▶ THE RECORDS:
%%

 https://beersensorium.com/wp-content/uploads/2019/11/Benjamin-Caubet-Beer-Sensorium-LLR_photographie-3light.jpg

%%
%%

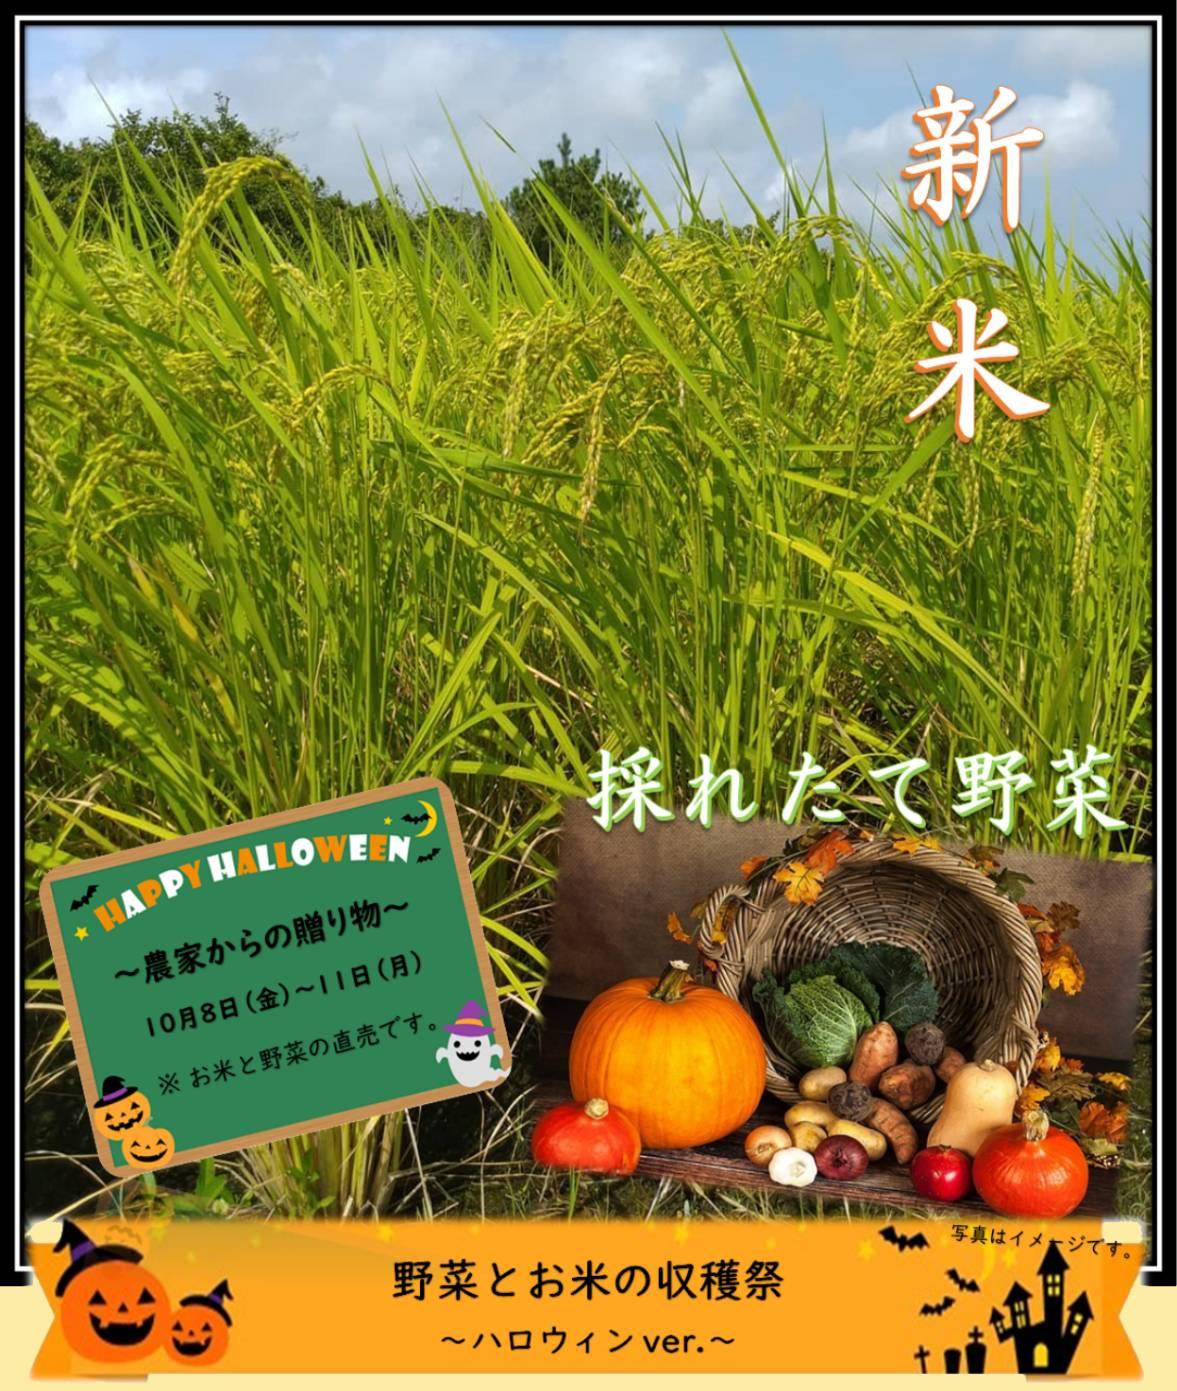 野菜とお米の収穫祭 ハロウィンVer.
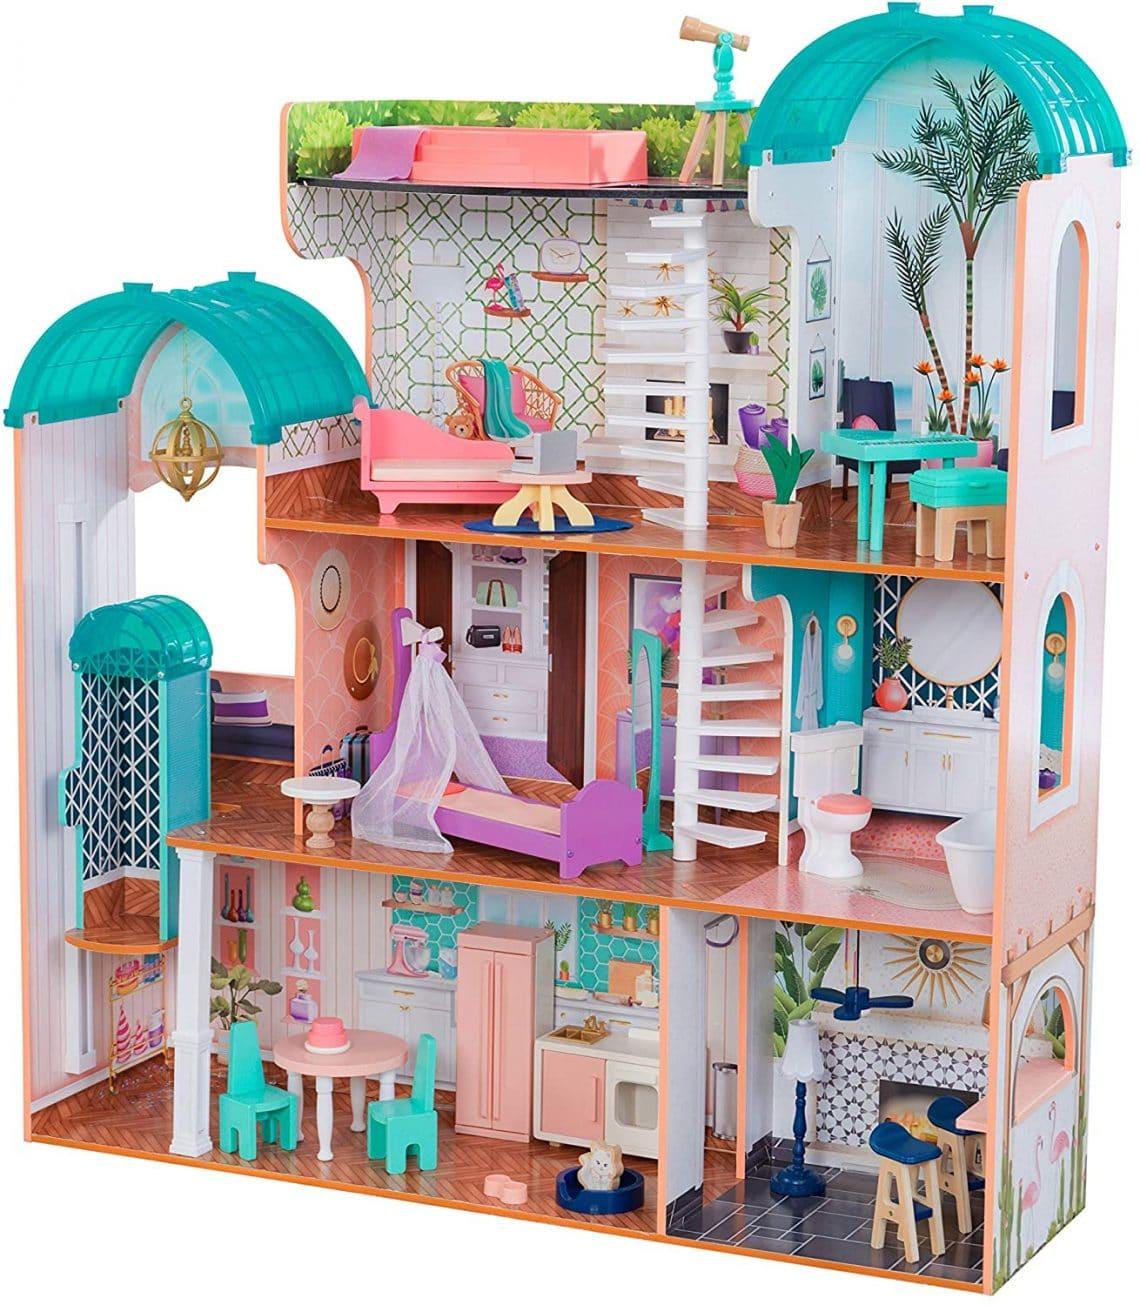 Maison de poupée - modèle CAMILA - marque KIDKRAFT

%%

▶ YOUR INSTRUCTIONS:
All lines above from the one containing "野菜とお米の収穫祭 ハロウィンVer." up to and including the one containing "Maison de poupée" are to be set down exactly, and nothing else. Leave images out.

▶ ANSWER TO THE PROBLEM:
 野菜とお米の収穫祭 ハロウィンVer.
 Maison de poupée - modèle CAMILA - marque KIDKRAFT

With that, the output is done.